I have a dataset of total consumption for a given species based on population density and average energetic needs. This is related to body mass. I run a mixed effect MCMC model of logConsumption ~ logBodyMass, that includes phylogeny of the species as random effect. From this I have a posterior distribution of 1000 samples of consumption per species. Which I exponentiate to get the actual values and not the logged transformed values. Therefore the 1000 estimates for each species will be a right-skewed distribution.

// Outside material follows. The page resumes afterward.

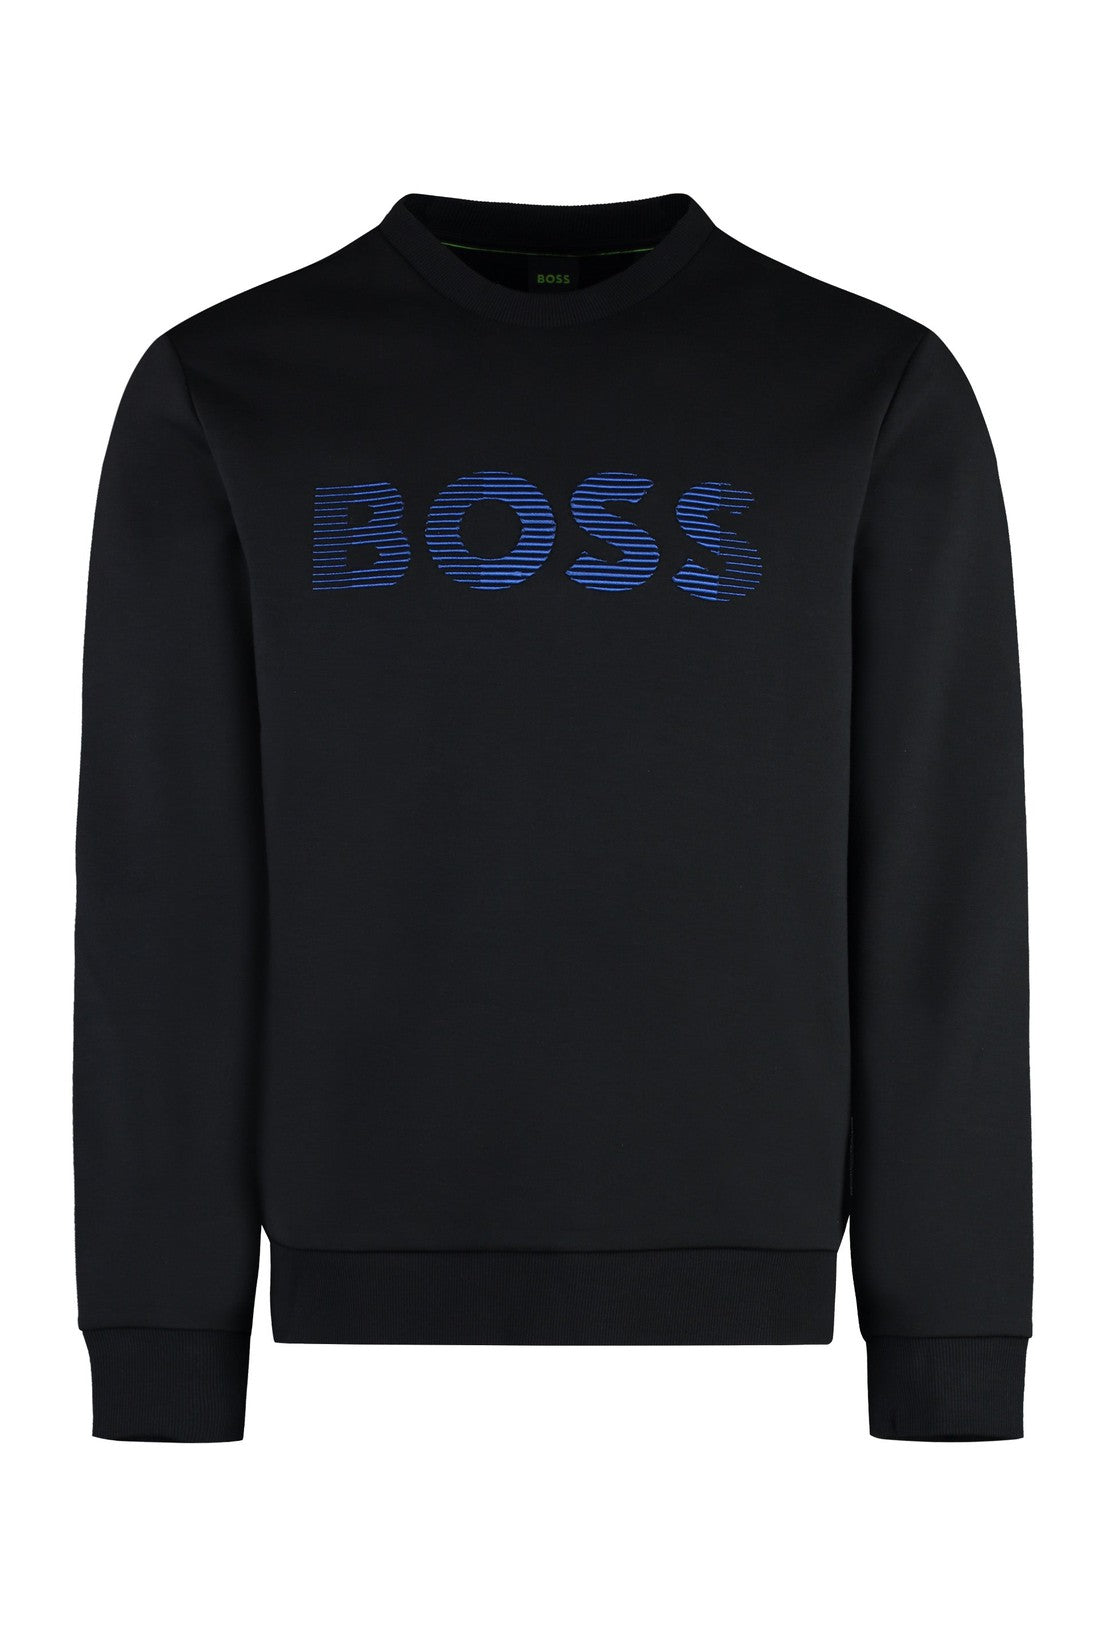 BOSS-OUTLET-SALE-Cotton crew-neck sweatshirt-ARCHIVIST

From this dataset I want to calculate the total consumption for any given community of species. I have chosen to use the median instead of the mean since that is less affected by the skewed distributions. For any given community I get different results if I: Method 1: Estimate the median consumption per sample for the species list and then then sum them, or: Method 2: Calculate the median consumption per species first, and then take the sum of medians for the particular species community.

  1. Is method 1 wrong?
  2. Is one method better than the other?
  3. What measure is the best to show uncertainty for the community. Standard deviation is not good when I use medians I assume?
  4. Should I have used means instead? Since then the order doesn't matter?

Code example below. Method 2 is always larger.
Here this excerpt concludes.